# PROVIDED MATERIAL
= = = =

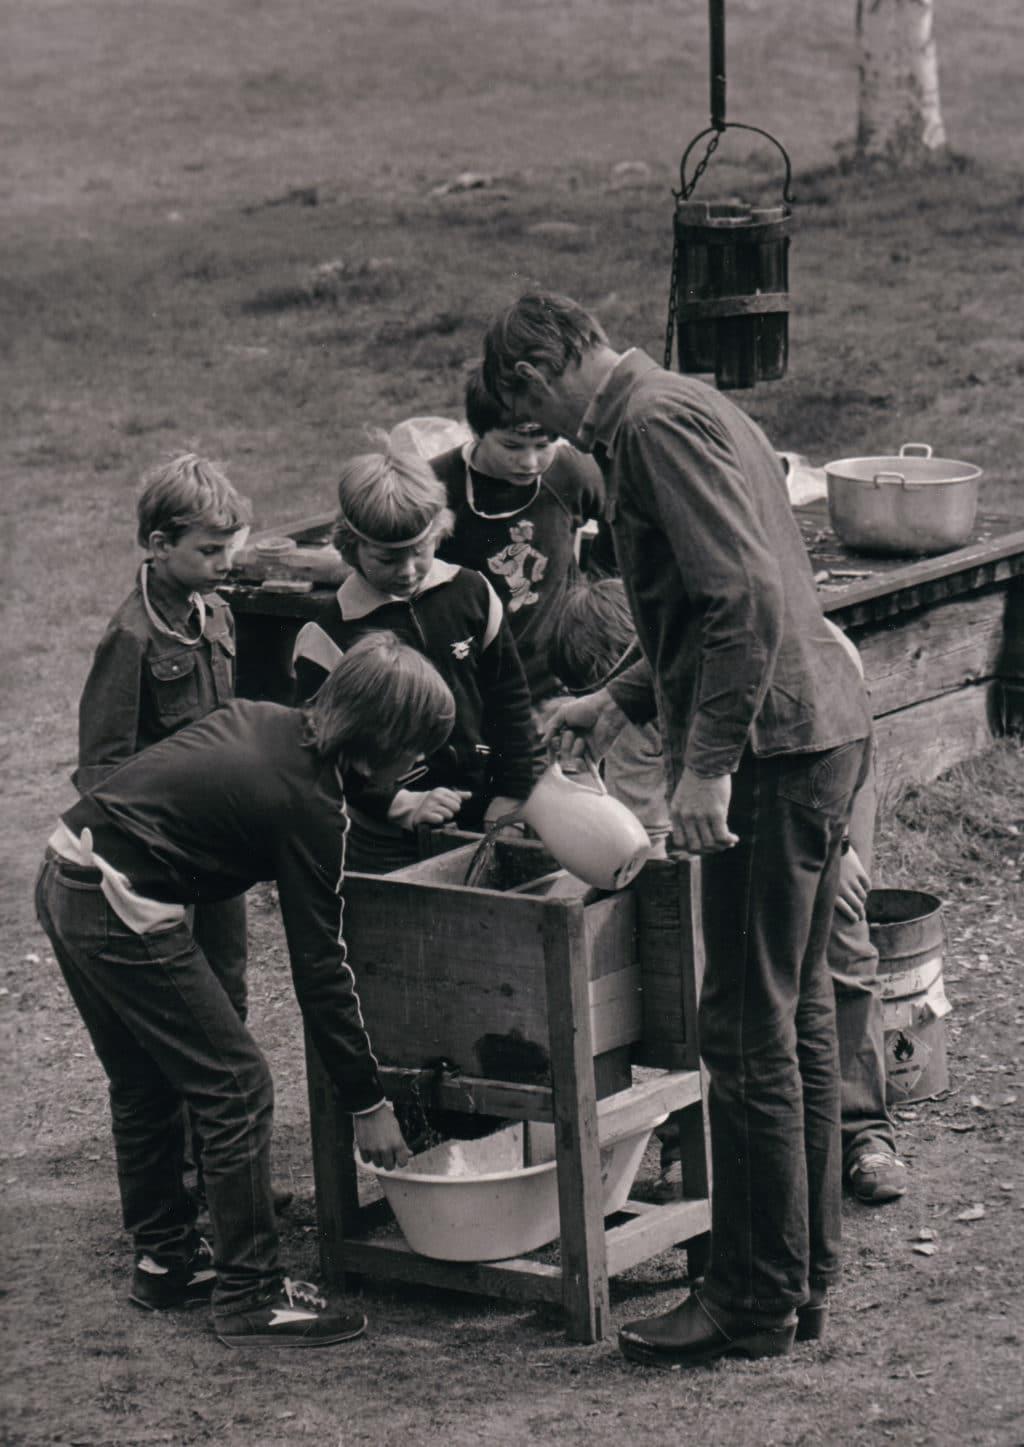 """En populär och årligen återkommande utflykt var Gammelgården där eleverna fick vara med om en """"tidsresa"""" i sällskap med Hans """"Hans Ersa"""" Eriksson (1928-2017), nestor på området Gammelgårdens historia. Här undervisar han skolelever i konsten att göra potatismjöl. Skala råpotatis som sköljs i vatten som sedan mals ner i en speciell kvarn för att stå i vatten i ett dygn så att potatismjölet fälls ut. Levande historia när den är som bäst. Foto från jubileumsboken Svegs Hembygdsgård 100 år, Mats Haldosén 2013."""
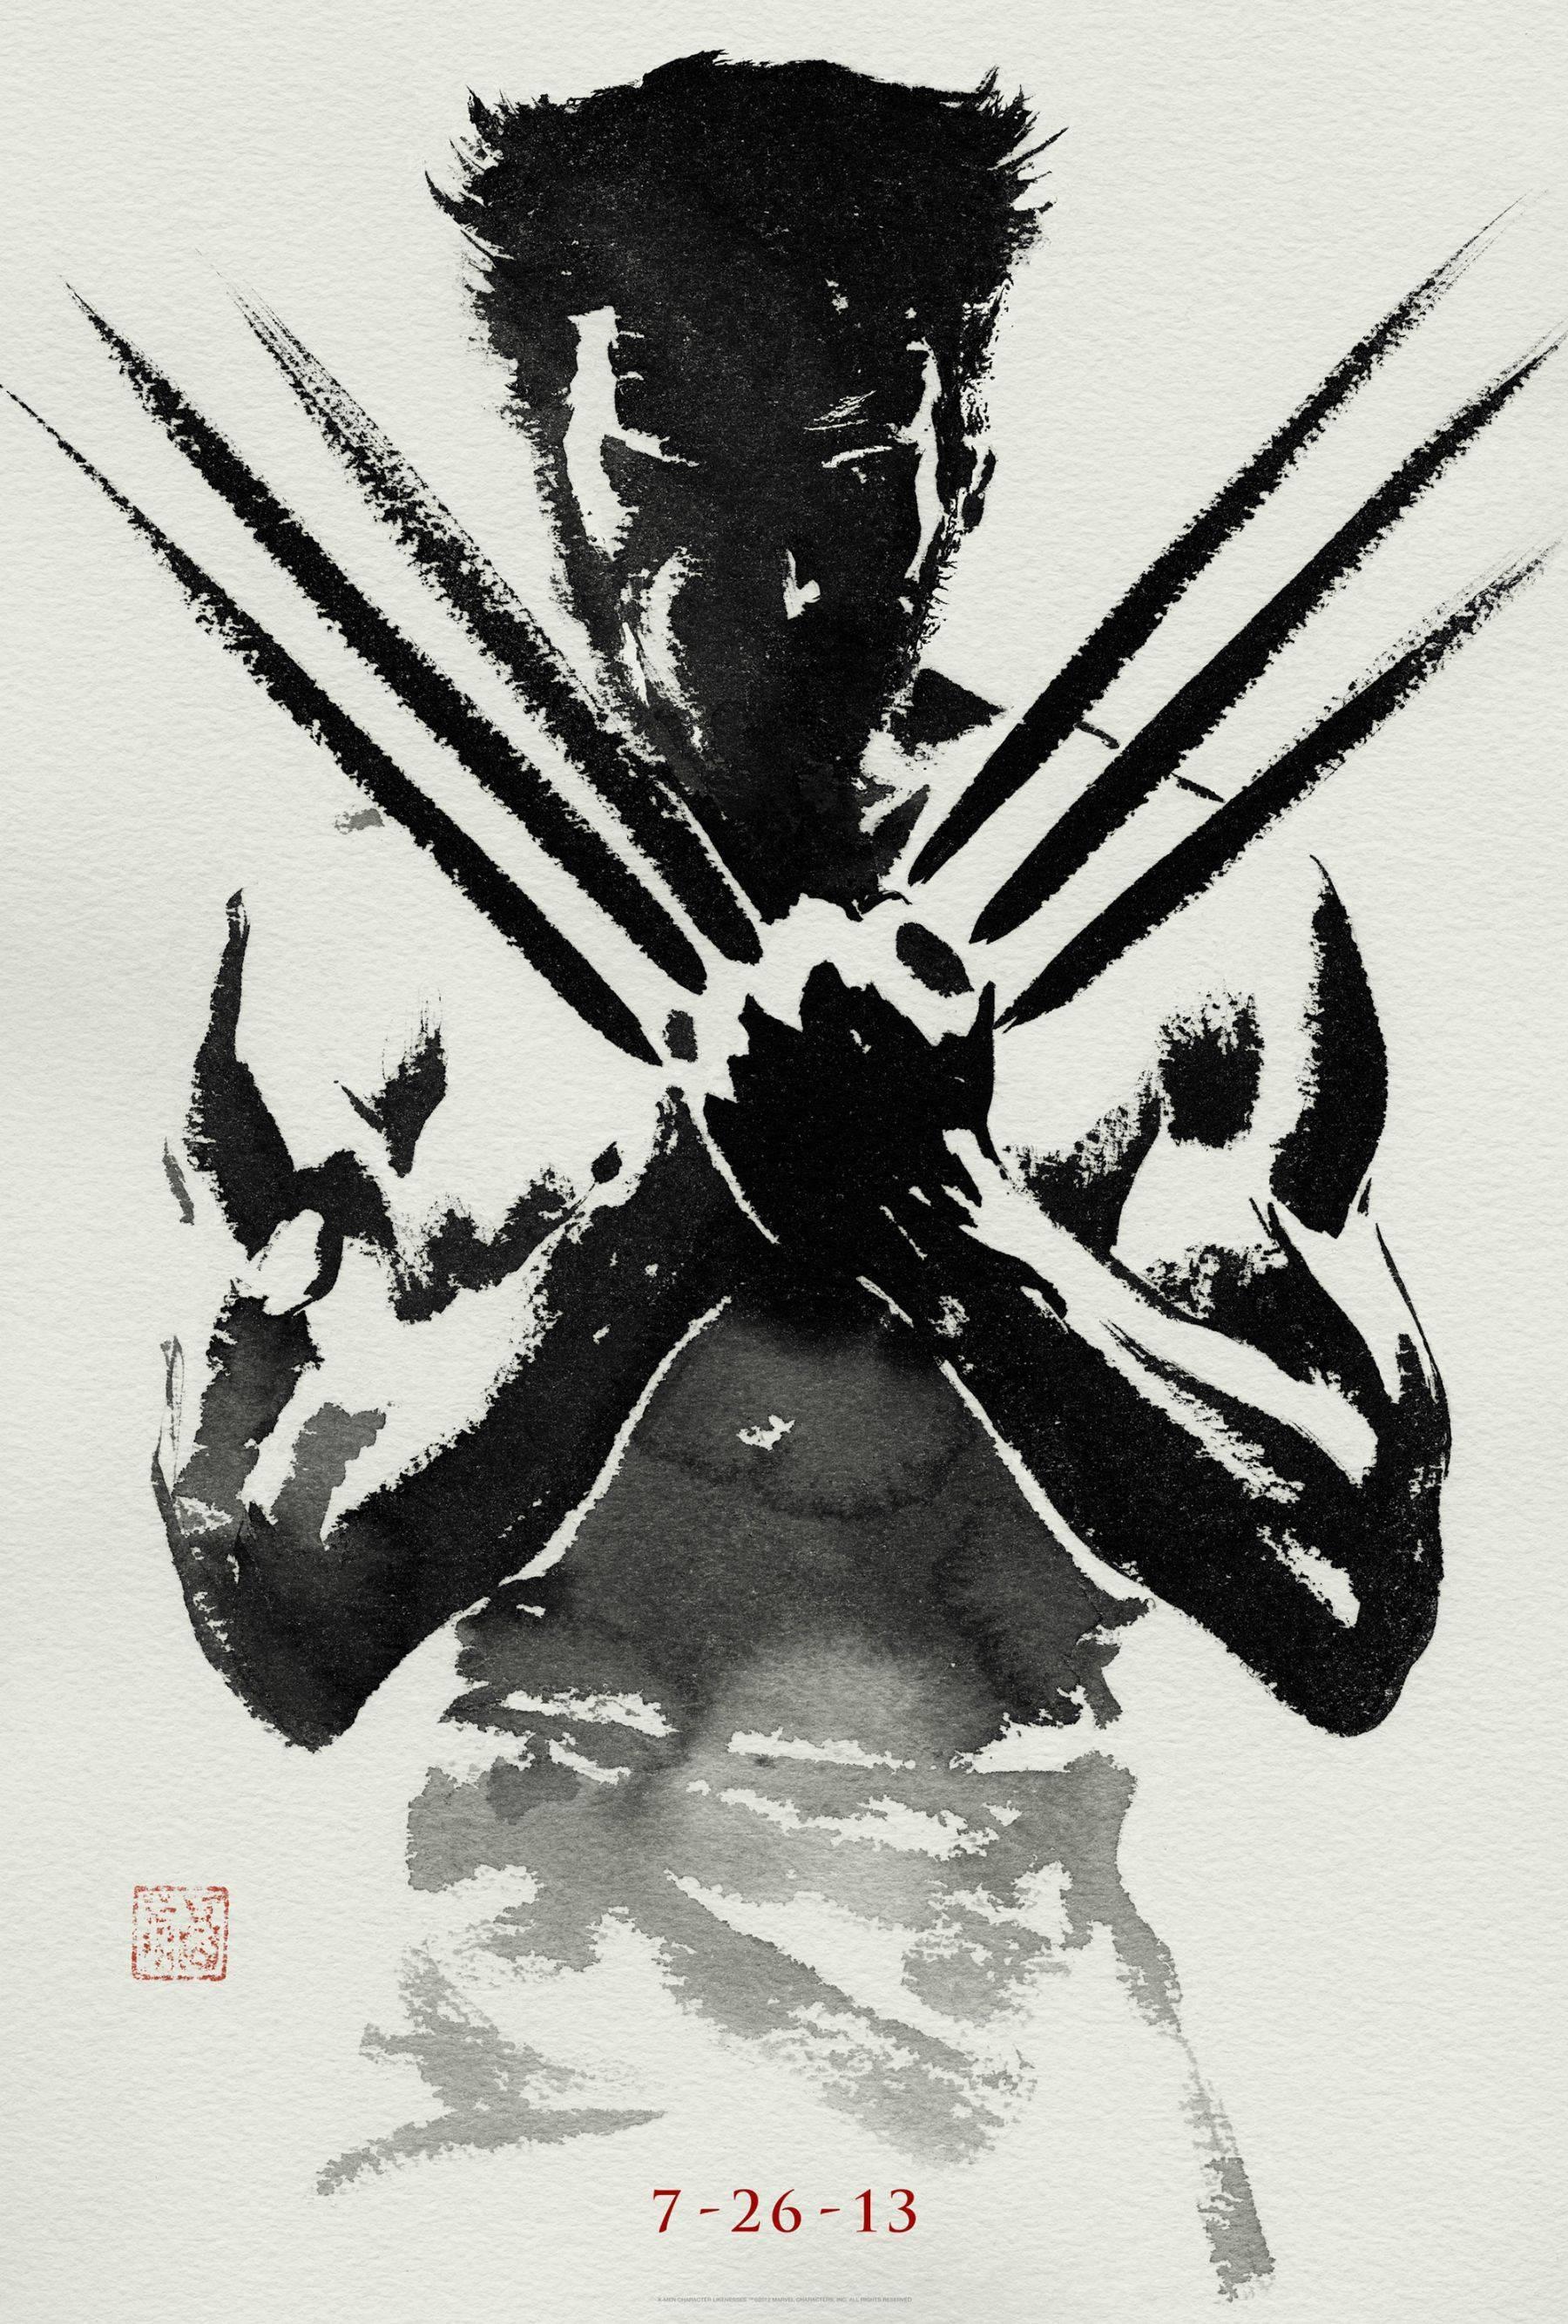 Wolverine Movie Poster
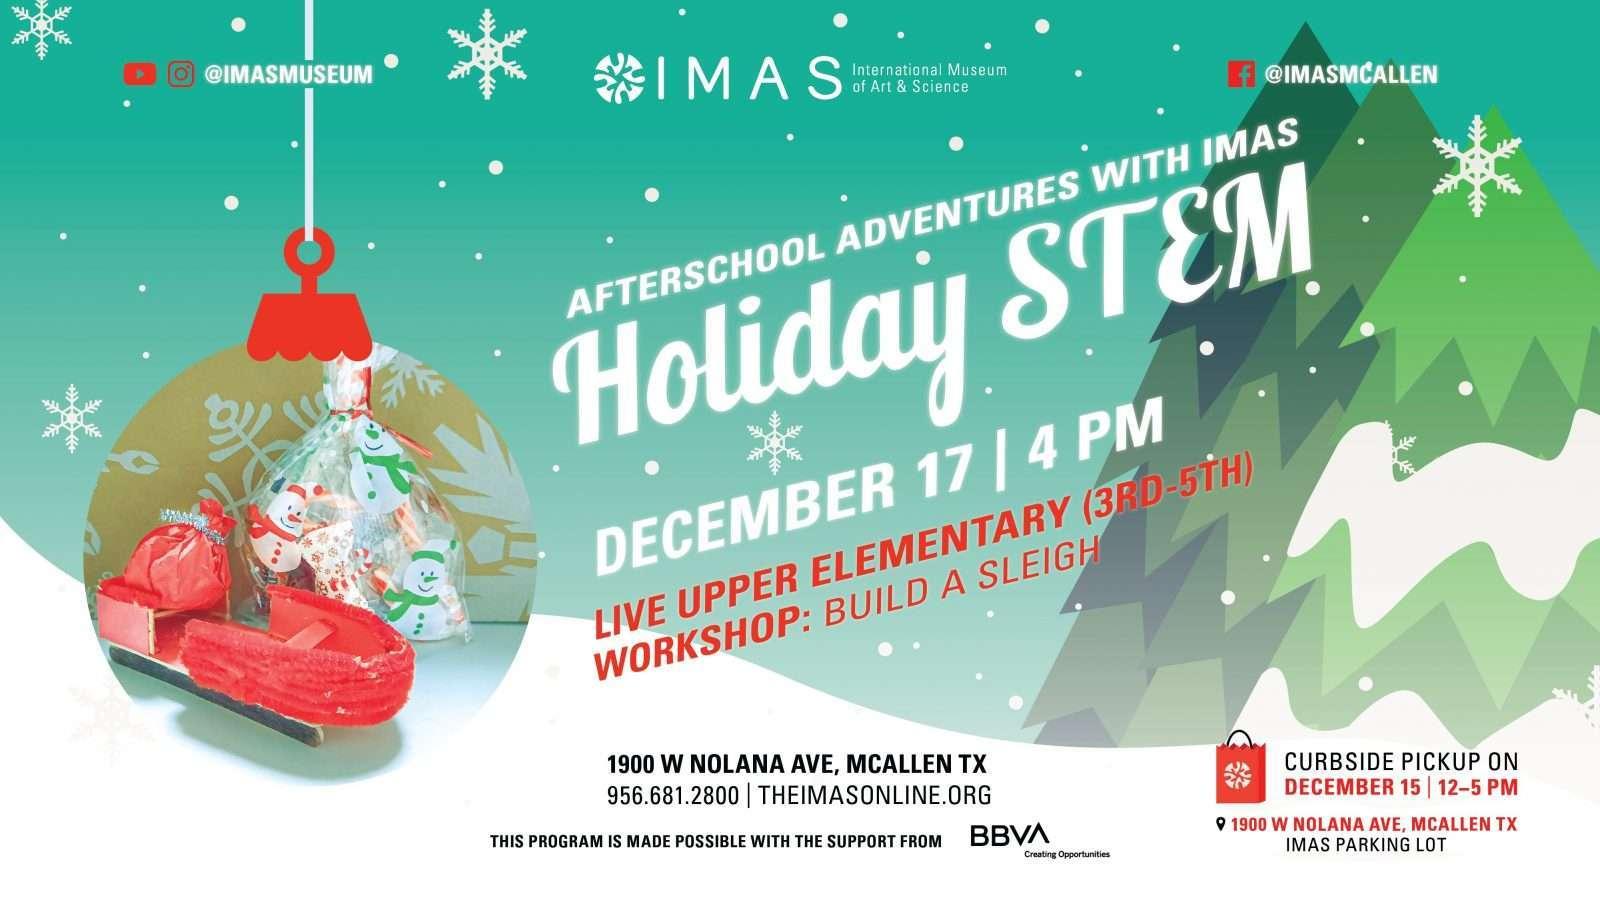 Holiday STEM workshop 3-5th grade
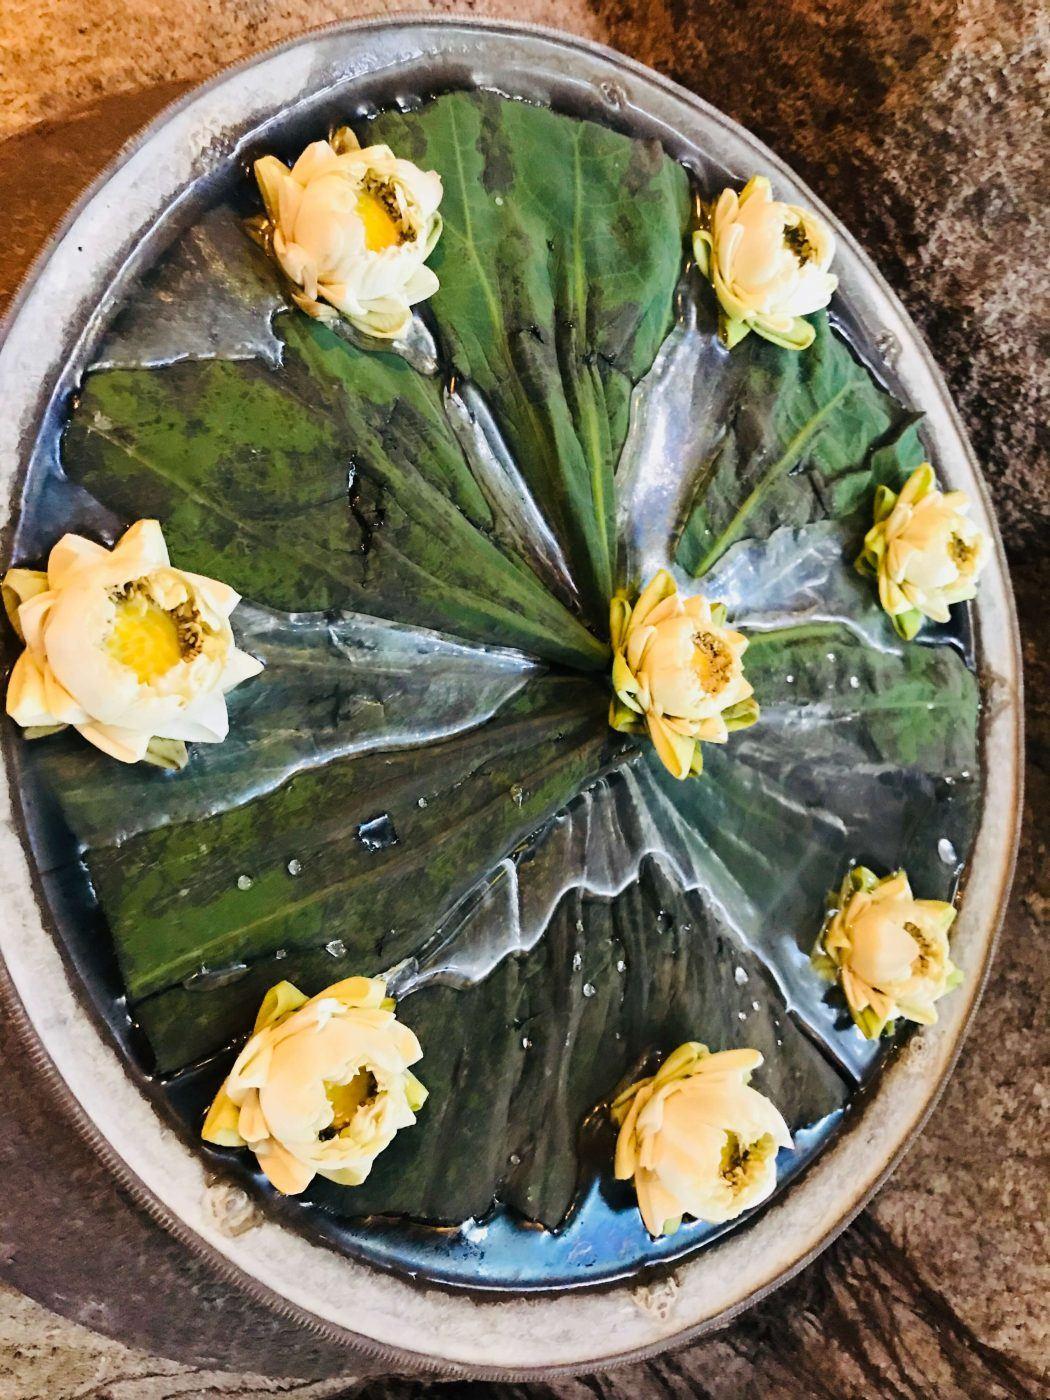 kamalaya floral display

= = = =

# WORK REQUEST
Copy every line above word for word and exclude the pictures.

# OUTPUT
 """En populär och årligen återkommande utflykt var Gammelgården där eleverna fick vara med om en """"tidsresa"""" i sällskap med Hans """"Hans Ersa"""" Eriksson (1928-2017), nestor på området Gammelgårdens historia. Här undervisar han skolelever i konsten att göra potatismjöl. Skala råpotatis som sköljs i vatten som sedan mals ner i en speciell kvarn för att stå i vatten i ett dygn så att potatismjölet fälls ut. Levande historia när den är som bäst. Foto från jubileumsboken Svegs Hembygdsgård 100 år, Mats Haldosén 2013."""
 Wolverine Movie Poster
 Holiday STEM workshop 3-5th grade
 kamalaya floral display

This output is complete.